** Opening The data block **

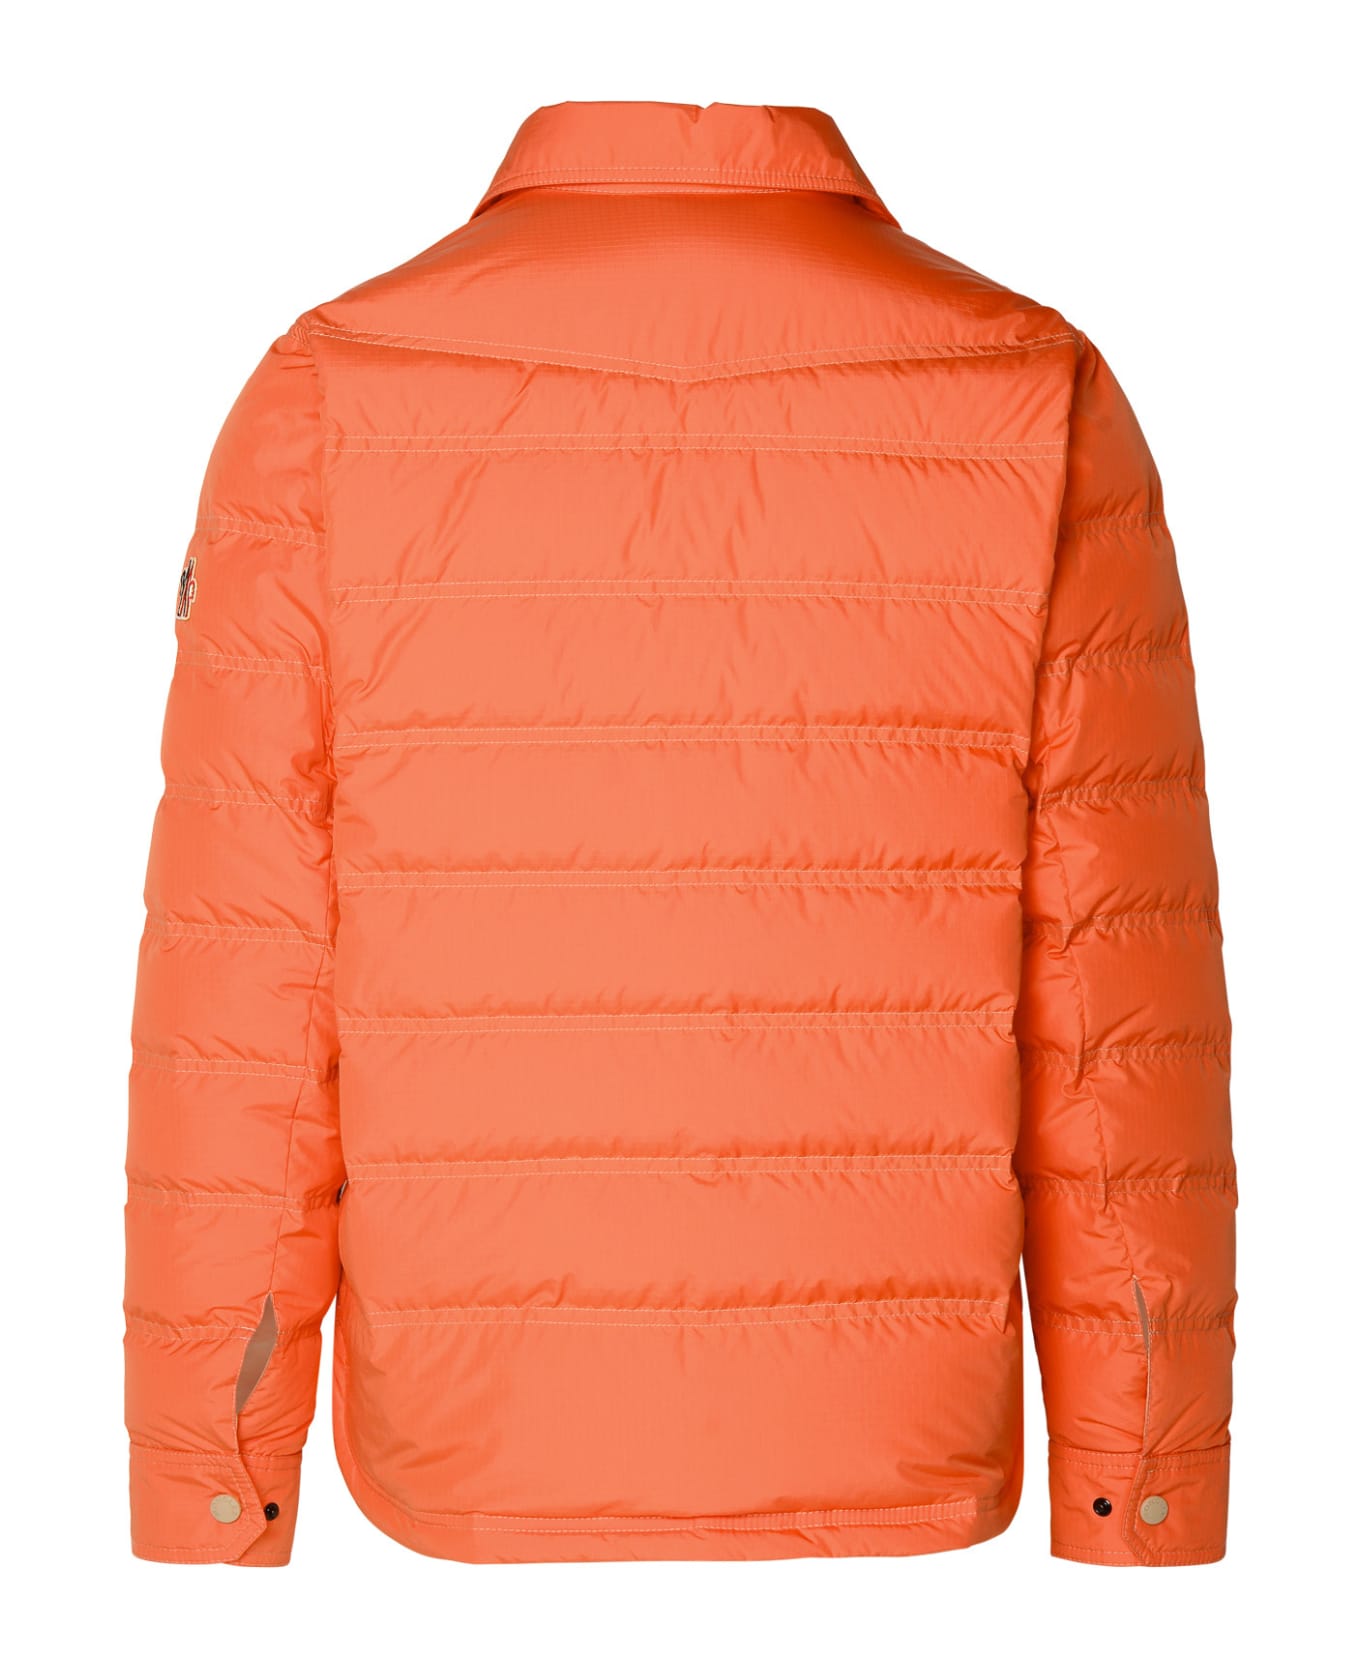 Moncler Grenoble 'lavachey' Orange Polyester Down Jacket - ORANGE ダウンジャケット
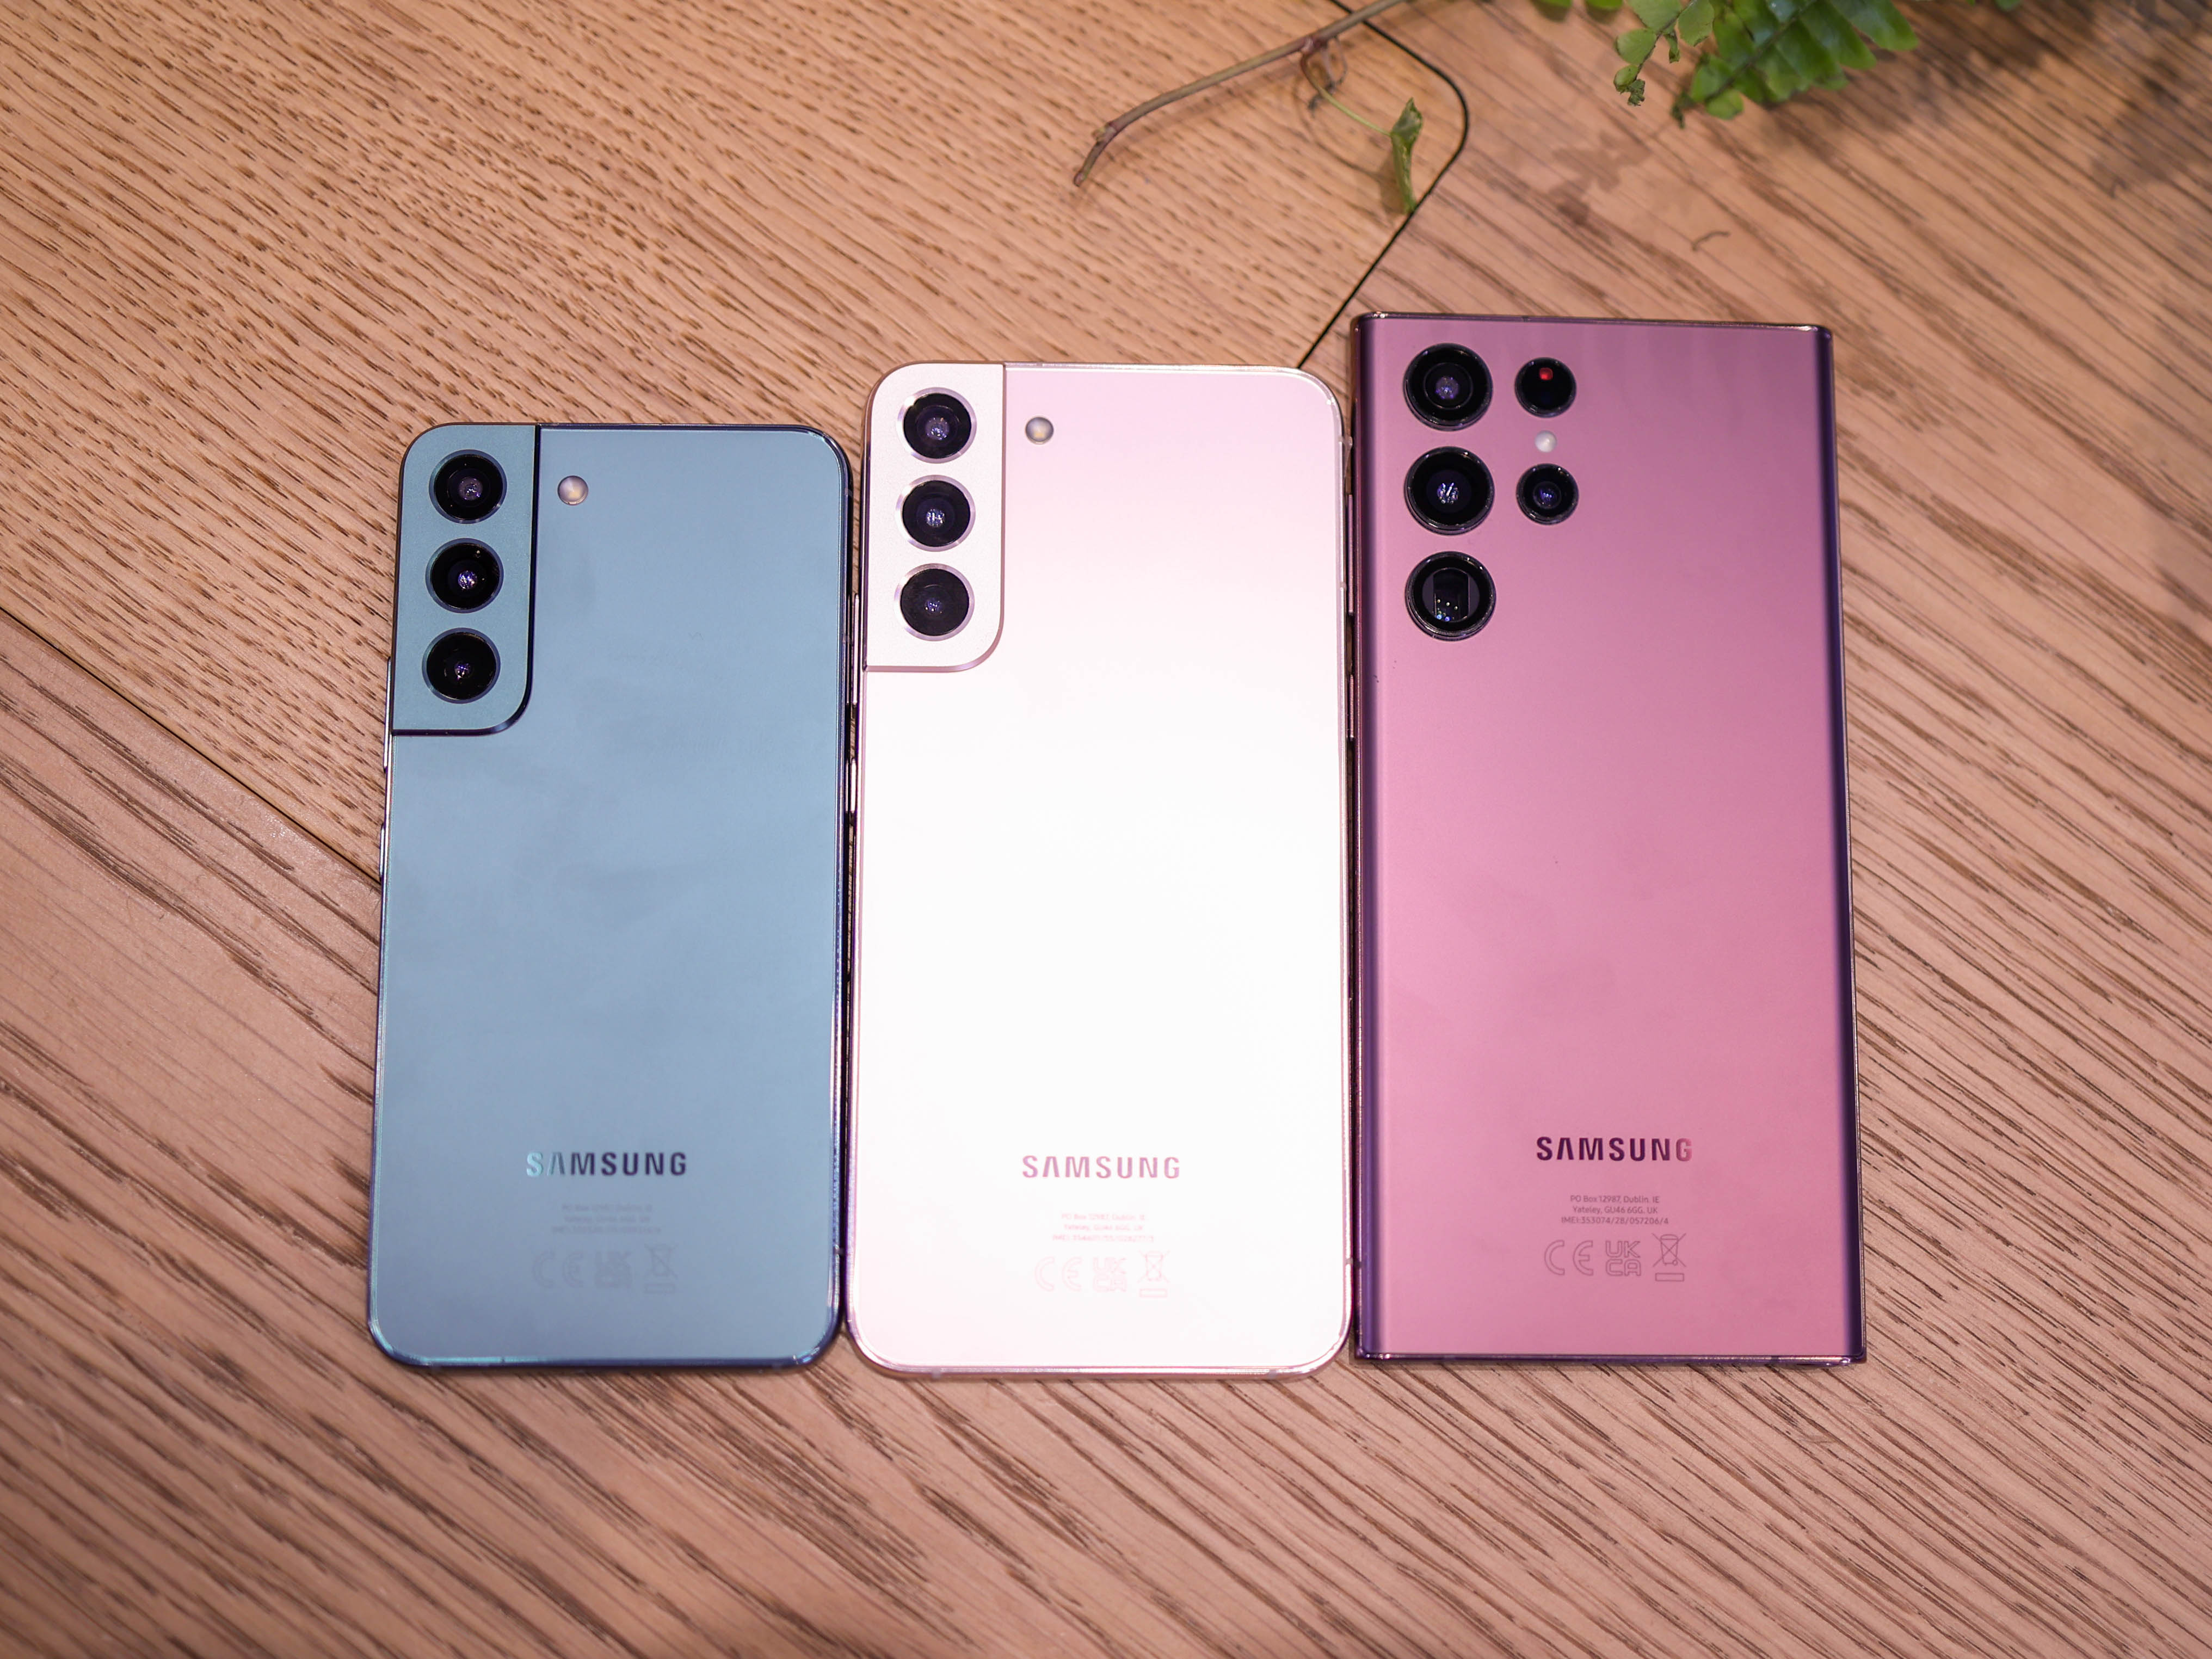 Samsung Galaxy S22 vs S22+ vs S22 Ultra: the three phones compared
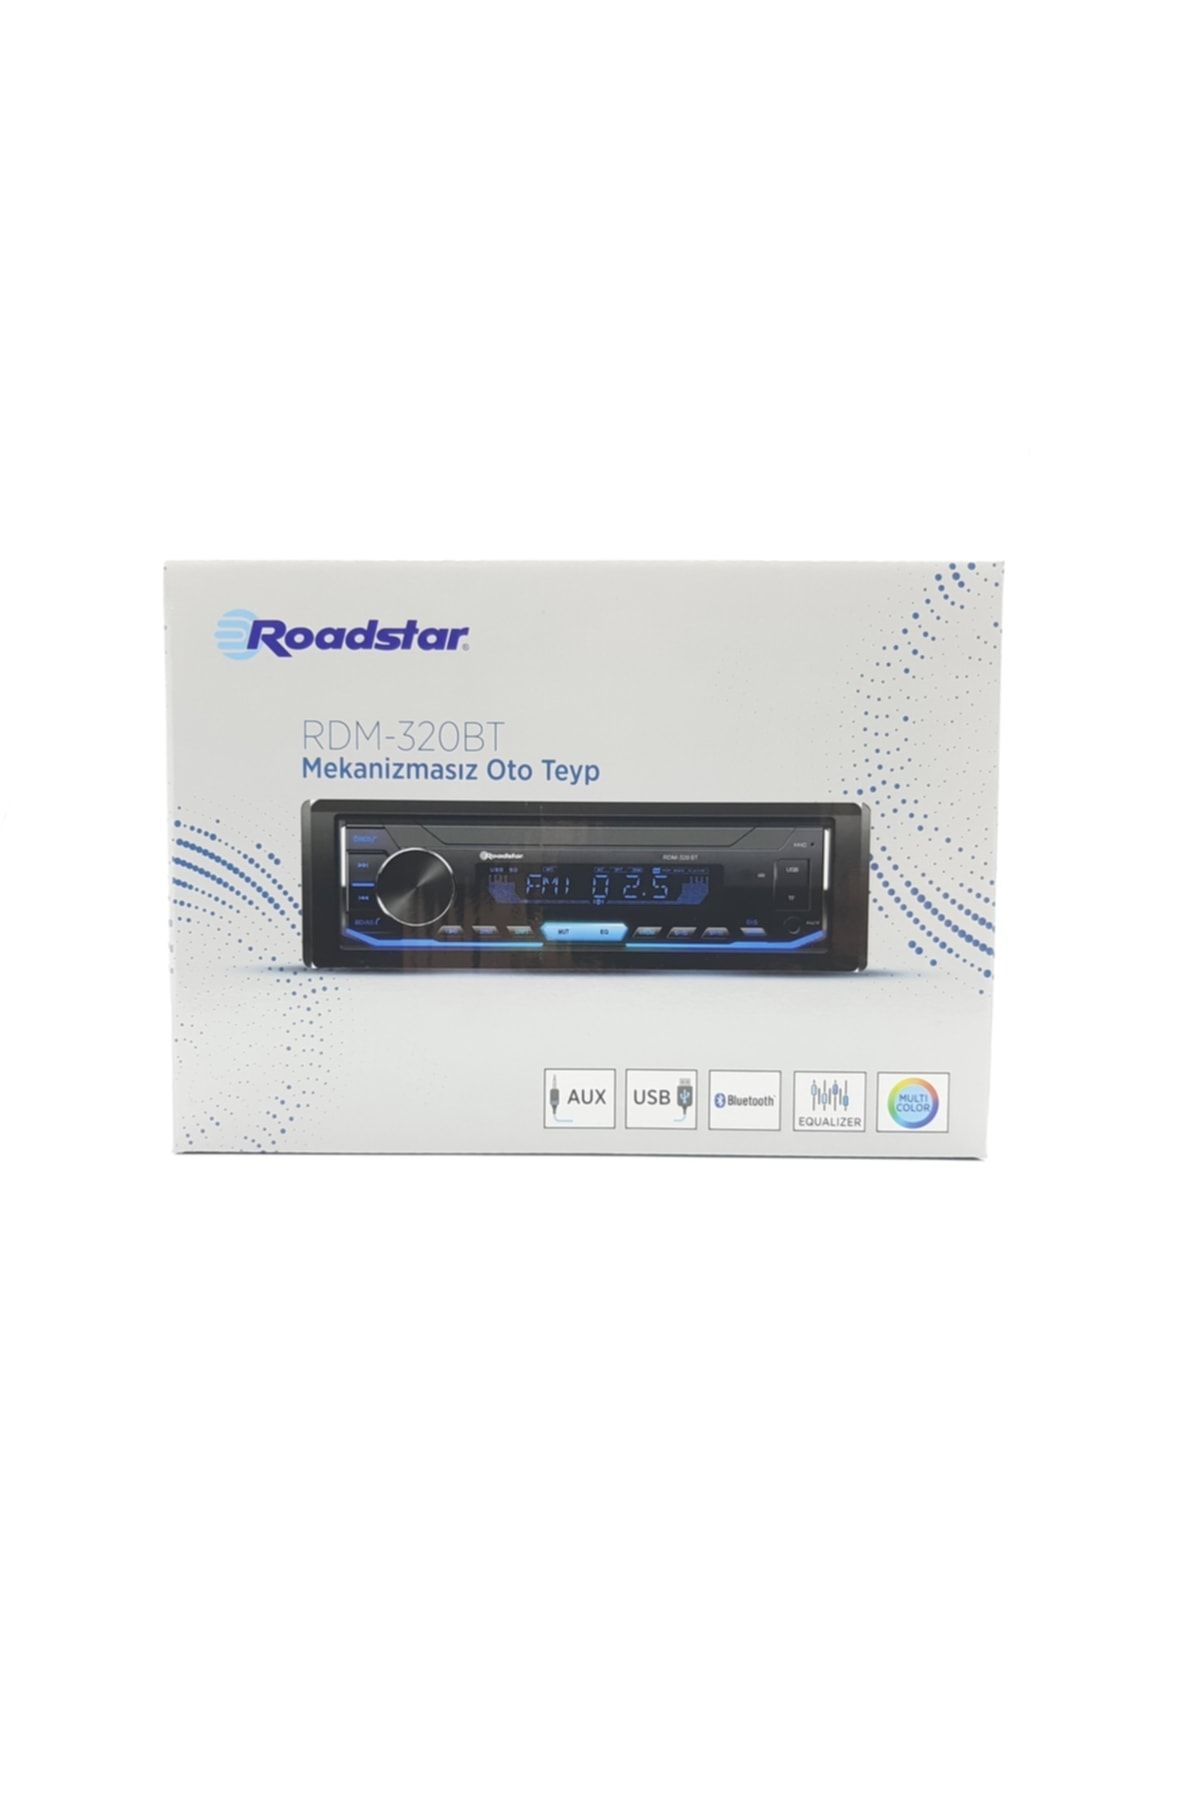 Roadstar Rs-5257 Bluetoothlu Usbli Oto Teyp Kaliteli

** Closing The data block **

Copy the data word for word, no pictures.

Task output
 Moncler Grenoble 'lavachey' Orange Polyester Down Jacket - ORANGE ダウンジャケット
 Samsung Galaxy S22 vs S22+ vs S22 Ultra: the three phones compared
 Roadstar Rs-5257 Bluetoothlu Usbli Oto Teyp Kaliteli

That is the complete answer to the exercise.